I went back to him. He did not speak. I just listened. I did my best, but I cried and cried. Uncle Kevin could not hear. Doctor Cynthia could not hear. But I thought MaMa could hear. And MaPa, and Auntie Omar, and Sir Eudoxus. I wanted them all to know: I am doing my Duty. I will do my Duty. Even this horrible sickness will not make me stop my Duty. I will not leave his side.

And then Uncle Kevin said he would do it again. Make the ship accelerate. Squash Grampa Horace down into his bed, so he could not even breathe. They were talking about the Eye. They were talking about a jump through the Eye. It would kill him! So I jumped first! I jumped as hard as I could, and hit Uncle Kevin in the chest, and said, “NO! Not Again!But Grampa said “Here, Ali Baba,” so I went. And then the Engineers moved Doctor Cynthia’s travel couch right next to Grampa Horace’s bed. I hid my head under Grampa’s arm, and just listened. And then we jumped again.

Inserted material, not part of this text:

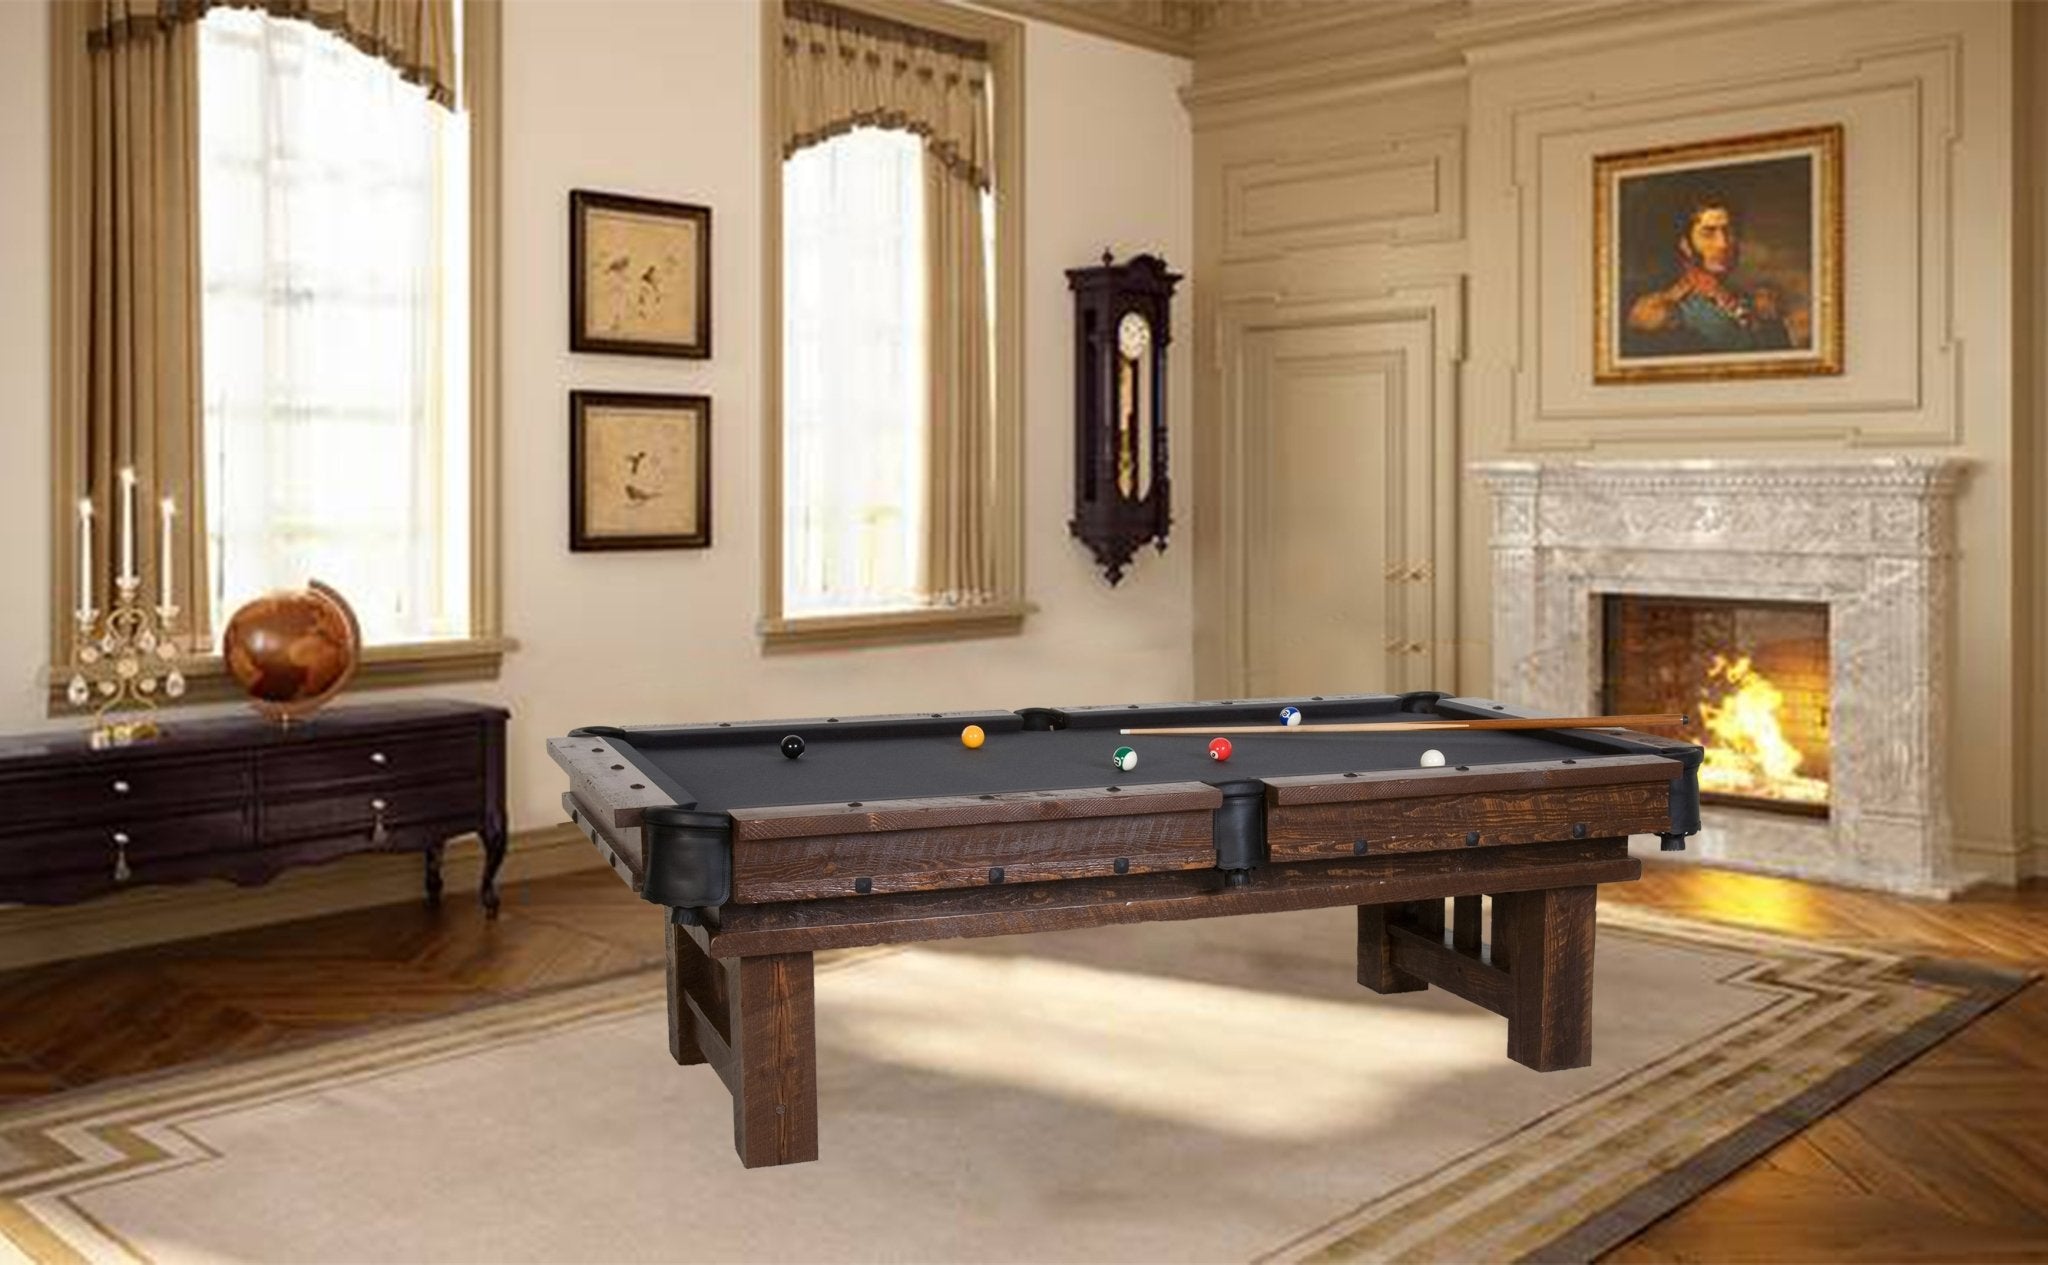 Viking Industries Barnwood Cheyenne Billiard Table with FREE Barnwood Triangle - The Family Game Room
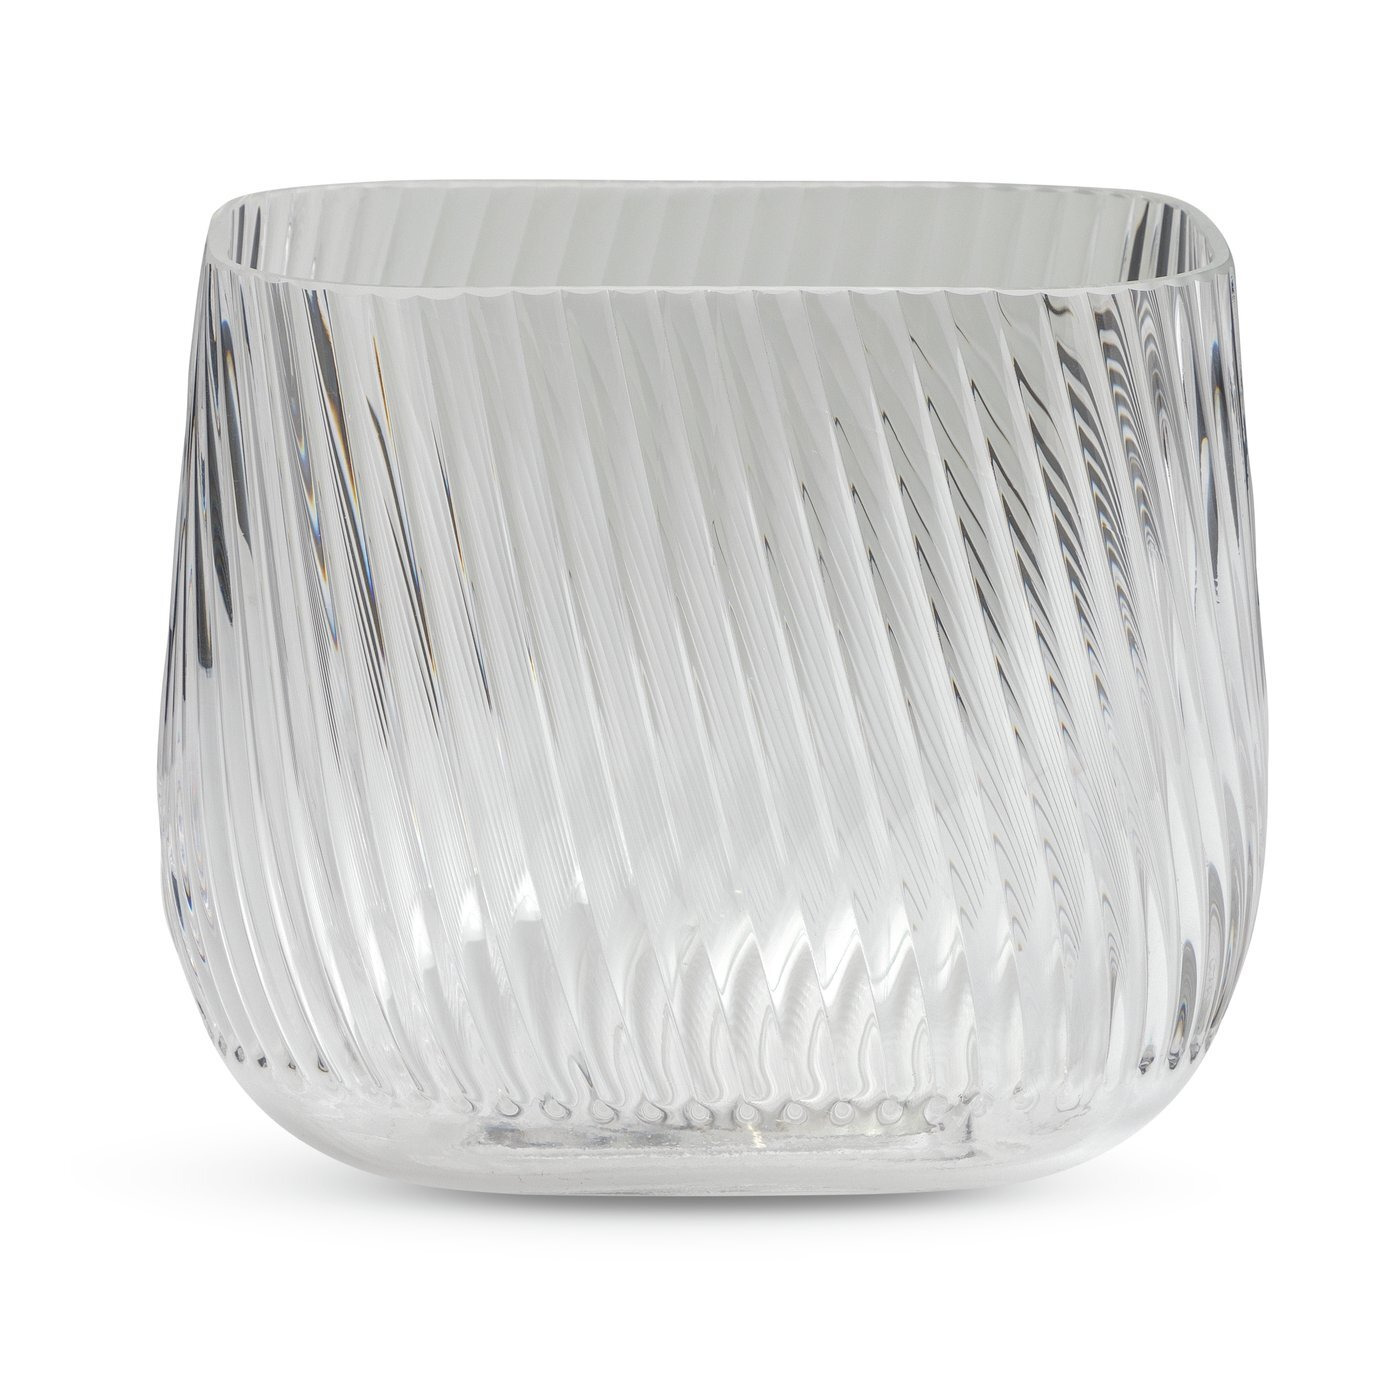 Habitat Small Ribbed Glass Vase - Clear - image 1

This time, she was there. Doctor Cynthia. She was a Doctor, but she could talk to everyone too. And when the others were gone, she often talked to Grampa Horace. Uncle Kevin passed out, but she never did. I never did. She breathed for him. Breathed for Grampa. I heard her breath go into him, and come back out again. Again, and again. Again, and again. I thought there is a machine for this. But I also knew: she is doing her Duty. She is doing her Duty for him.

I could hear his heart. It never stopped. It boomed. Lub-dub. Lub-dub. Lub-dub. On and on it pounded. I timed my breathing to it. I timed my breathing to her breathing for him. And then I heard his breath go into her. Again and again. Again and again. I was sick and afraid with joy. I thought: it is over now. It is done. He will be safe.

Even when Uncle Kevin said “Cynthia, how much can he stand.” Grampa answered. He said: “Anything. Kevin. Do what you must It is now in the hands of Allah.” I did not know who Allah was, but his heart was so strong. Grampa’s heart was strong. They all still listened to him. Whatever he said, they listened, and so did I.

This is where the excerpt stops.